Своего невезучего отца Даша всегда любила — с тех ещё времён, когда они вместе варили кашу, распевали вокализы и учили итальянский. Теперь она обожала его абсолютно и демонстративно, назло матери и всему свету. В этом обожании был у неё лишь один союзник — странная старуха из соседнего подъезда Августа Ивановна. Правда, Августа Ивановна обожала скорее не несчастного больного, а свою покойную подругу Марину Петровну.
Старуха по-прежнему ухаживала за Сергеем Николаевичем — оказывается, именно с таким условием Марина Петровна оставила ей некоторые из своих бесчисленных колец и брошек (а оказались они не бижутерией, а сплошь дорогими вещами хорошей старинной работы). Для тех же целей были Августе Ивановне переданы и остатки денег от проданной в Новосибирске квартиры Марины Петровны (основную сумму «съели» бесчисленные доктора и экстрасенсы). Самые лучшие и дорогие украшения были оставлены Даше; она должна была получить их в день совершеннолетия.
Андрей Андреевич находил всё это возмутительным. Он рекомендовал Ирине хотя бы квартирные деньги отобрать через суд у посторонней старухи. Но Марина Петровна позаботилась составить самое настоящее, юридически безупречное завещание. Ничего поделать с ним было нельзя.
Каждое утро Августа Ивановна являлась к Шелегиным и с важным видом шла в комнату к Сергею Николаевичу. Даша ей помогала, тем более что старуха со своим необратимым склерозом ни в какой степени не могла освоить даже азов итальянского языка. Ирина ссорилась с обеими и говорила, что не потерпит в своём доме чужой карги. Она бы давно вытолкала в шею престарелую авантюристку, если бы имела время для возни с больным мужем.
Как-то раз Ирина в сердцах заявила, что Сергею Николаевичу было бы лучше в интернате для инвалидов. Она намекнула, что этот вопрос сейчас уже решается. Скорее всего, музыкальная общественность города поможет пробить место в хорошем заведении, и тогда…
Даша не дослушала. Она принялась кричать, что она продаст самую дорогую бабушкину брошку. Если брошку продать, у неё, у Даши, будут деньги. Она тоже тогда сбежит из дому, в поезде доедет до Москвы и там навсегда растворится в человеческом море.
Ирина ужаснулась: сумасбродная Даша вполне могла проделать такую штуку.
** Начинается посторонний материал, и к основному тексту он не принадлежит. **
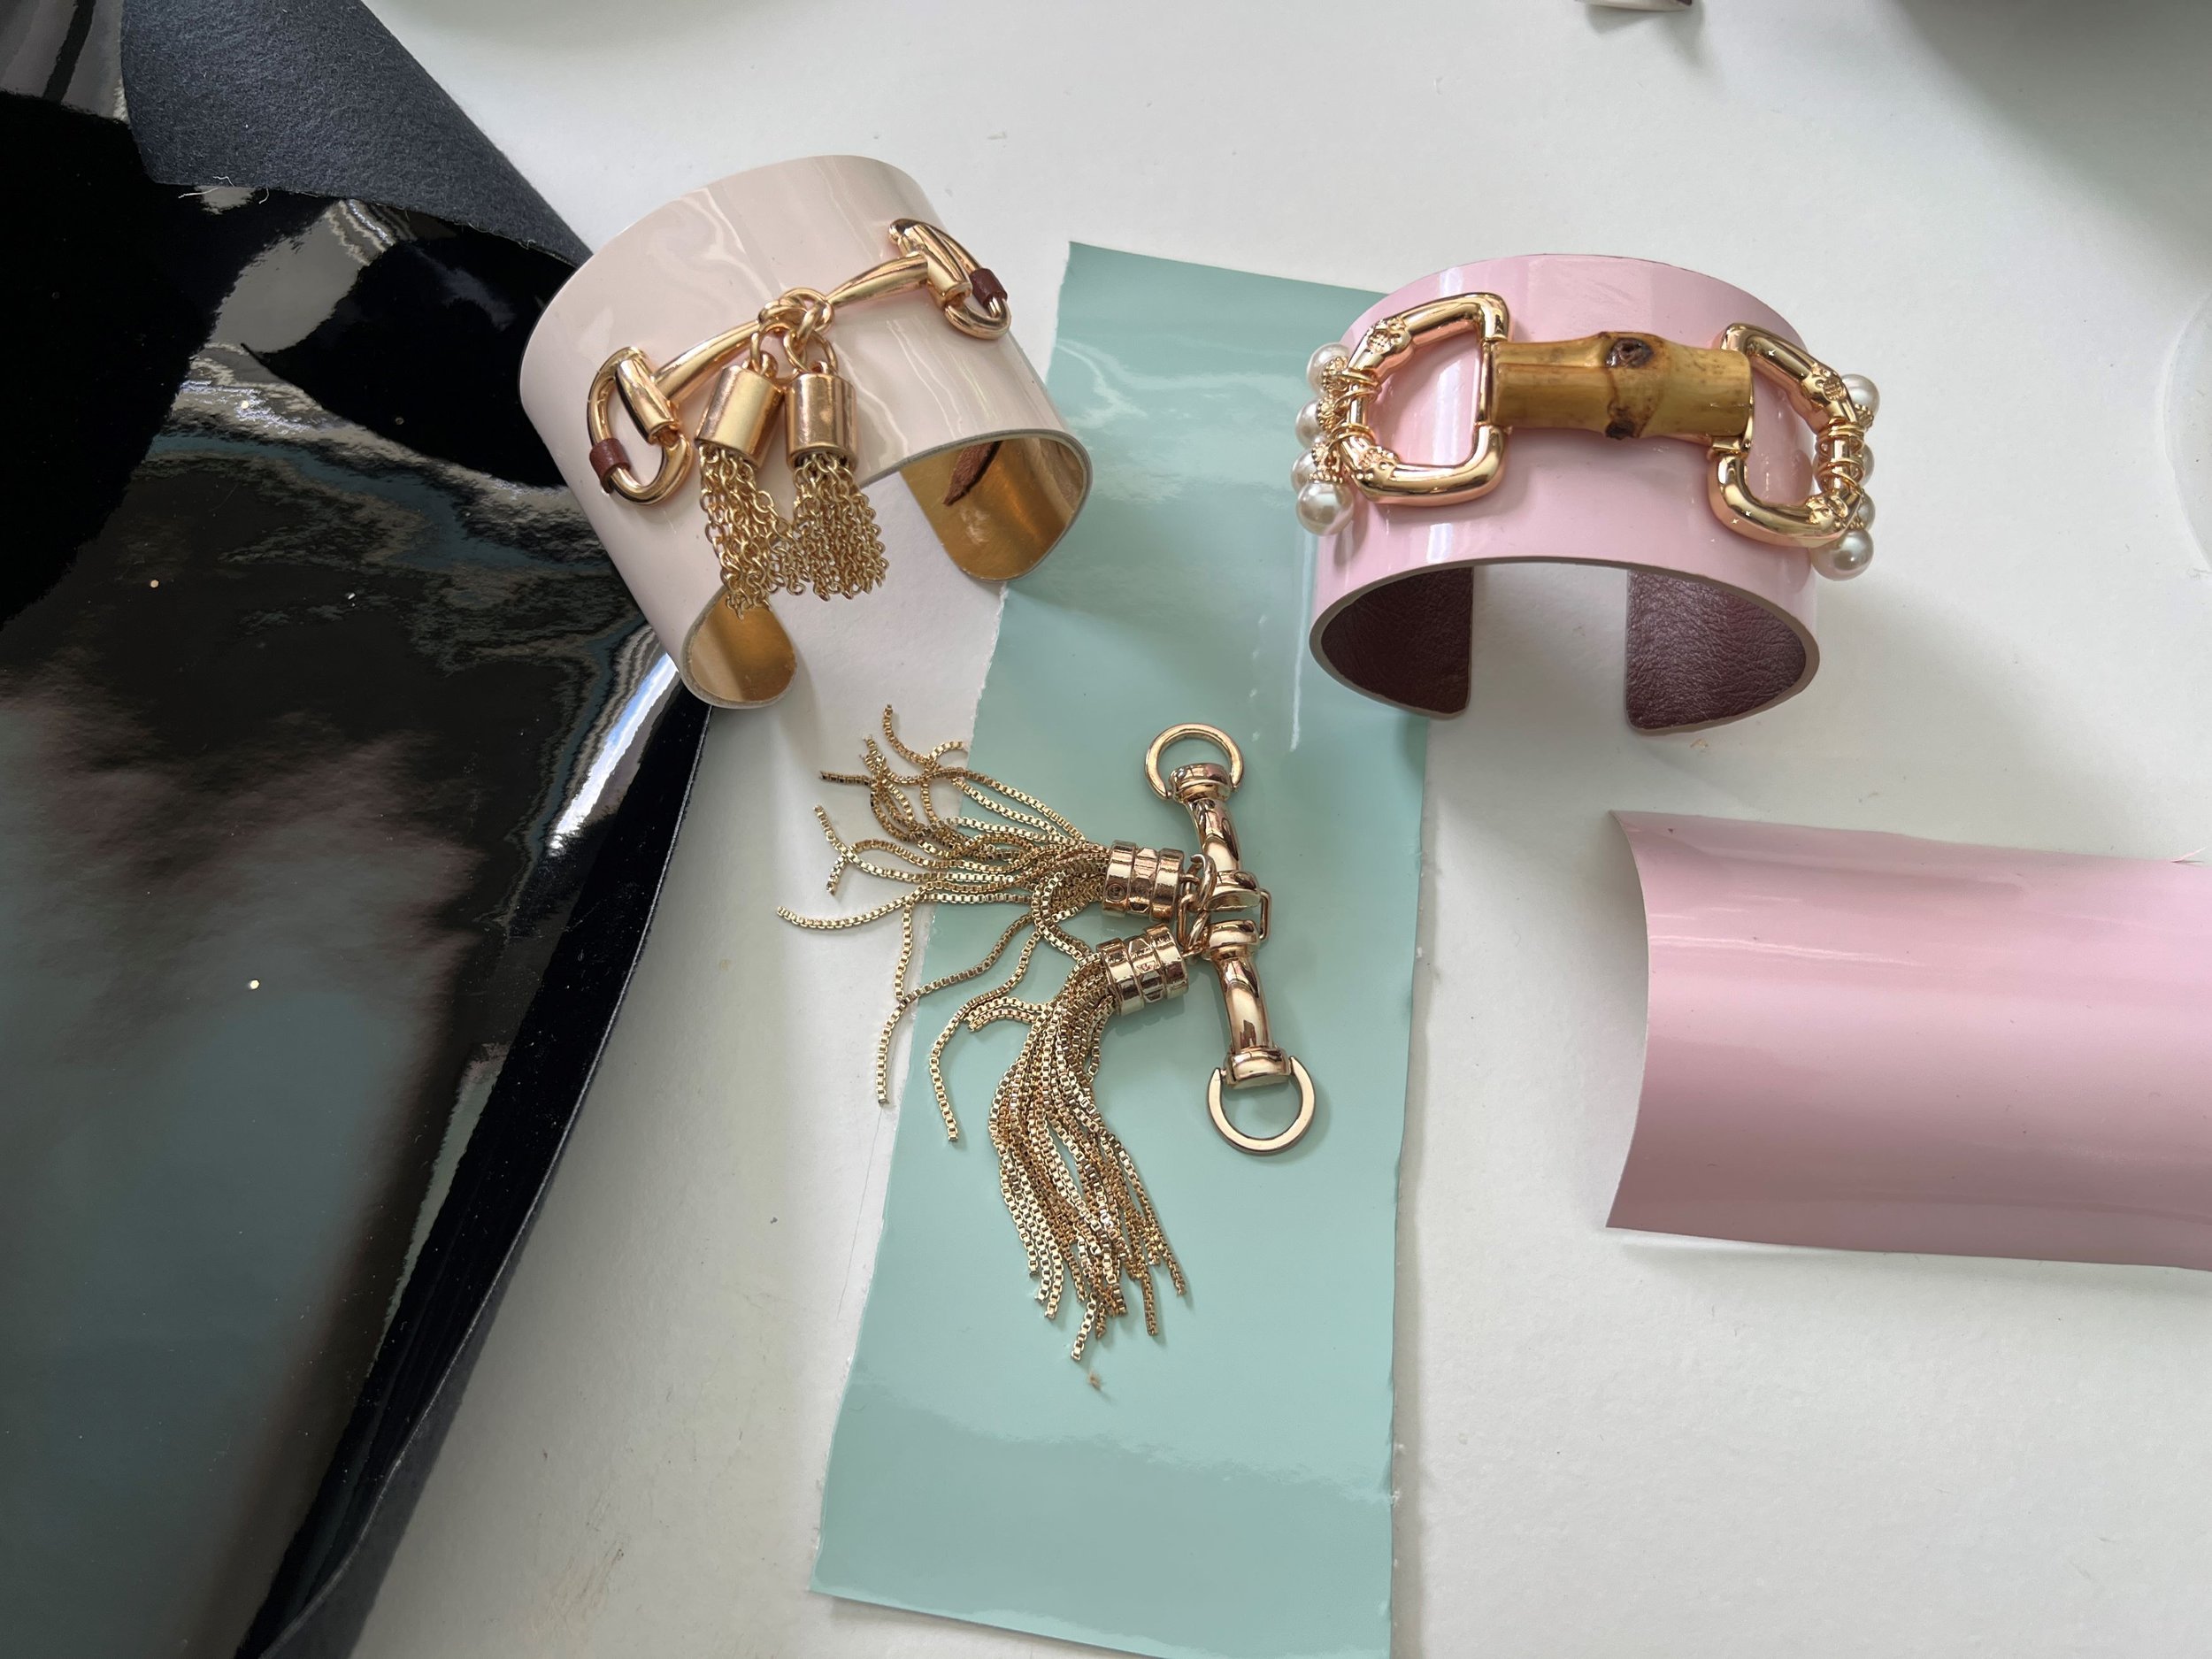 Cuff bracelet DIY — artworkerprojects

Идея с интернатом была временно отставлена.
Было среди взрослых Дашиных открытий ещё одно — самое важное, странное и прекрасное. Нынешней весной на улице Воровского, где размещалась Нетская филармония, подошёл к Даше незнакомый парень с причёской Тутанхамона. Не совсем, конечно, незнакомый — был он довольно популярной личностью среди нетской музыкальной молодёжи. Даша знала, что этот Тутанхамон учится в Музыкальном училище, подаёт большие надежды и при этом умудряется неплохо зарабатывать в разных ночных заведениях. Она даже знала, что фамилия Тутанхамона Вагнер. Но сама она вряд ли была ему известна, раз он спросил:
— Ты Шелегина? Точно? Тогда у меня есть кое-что для тебя. Глянь-ка.
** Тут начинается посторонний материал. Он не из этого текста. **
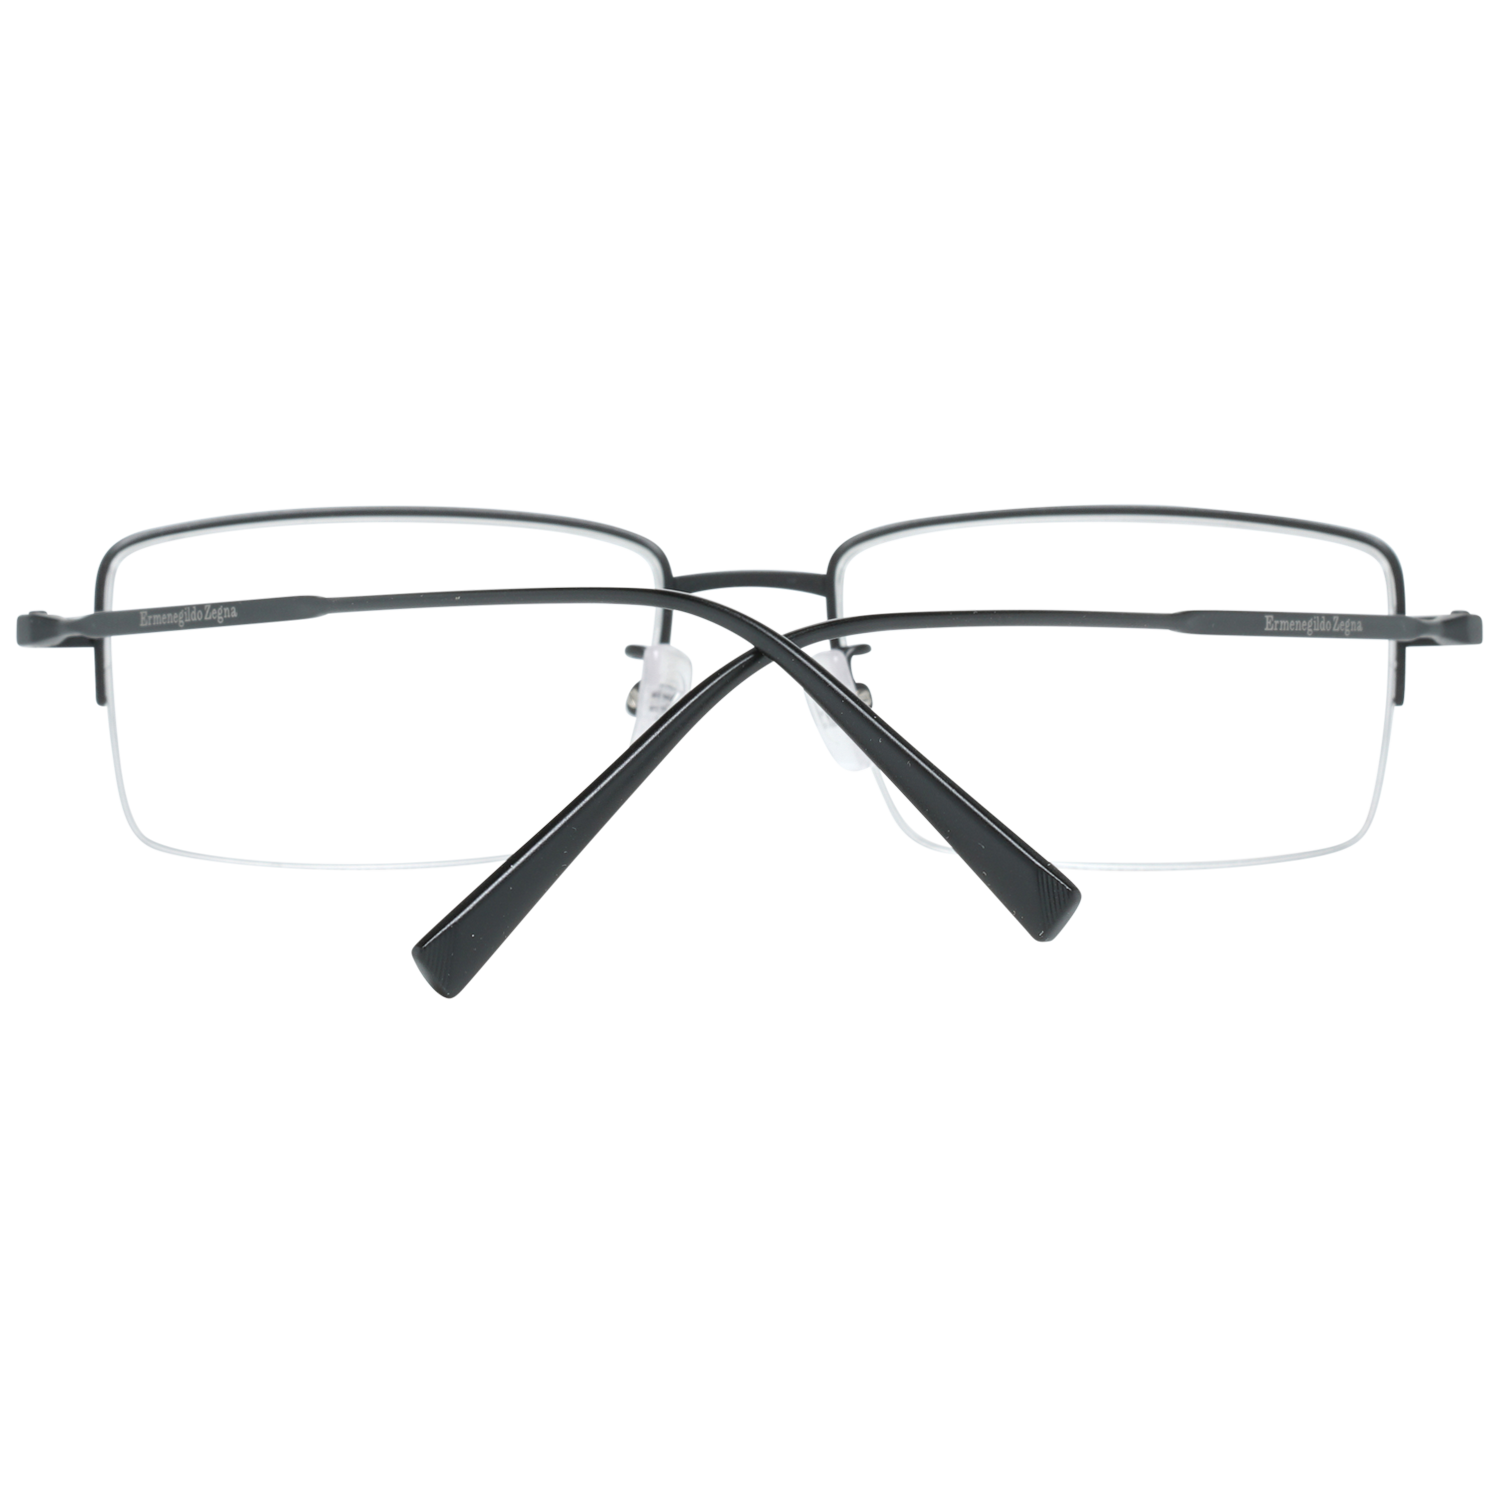 Ermenegildo Zegna Frames Ermenegildo Zegna Glasses Optical Frame EZ5066-D 002 54 Titanium Eyeglasses Eyewear UK USA Australia

Вагнер отвёл её в сторонку, усадил на скамью под большим клёном. Клён недавно только развернул свои растрёпанные листья — они были ещё детски бледные и пахли кисленьким, как новый ситец. Этот весенний запах и вообще все мелочи того дня Даша запомнила накрепко. Ещё бы — слишком многое переменилось в её жизни за те полчаса!
Вагнер уселся рядом с Дашей на скамью и показал толстую нотную тетрадь в зелёной обложке. «Сергей Шелегин «Вокальные наброски» — вот что было на тетради написано шариковой ручкой. Даша отогнула обложку. Кленовые тени легли на страницу — на первые такты знаменитых «Листков из тетради» Андрея Смирнова.
— Что это значит? — удивилась Даша. — Где вы это взяли?
— Давай без «вы», мы не в Кремле, — великодушно предложил Вагнер. — Ноты я нашёл. Вчера Союз композиторов переезжал в новое здание. Хотя скорее наоборот, в старое — их выперли из отдельного дома в две каморки над филармонией.
Даша всё ещё ничего не понимала.
— Каморки дали им неважные, в одной даже окон нет, — злорадно сообщил Вагнер. — А в бывшем Союзе композиторов теперь будет салон наклейки ногтей. Нас в училище вместо занятий к композиторам послали — вещи разбирать, узлы вязать. Я не пошёл бы, но директор пригрозил парой по музлитературе. Теперь не жалею — в одном старом шкафу, большом, жёлтом, я всё это и нашёл.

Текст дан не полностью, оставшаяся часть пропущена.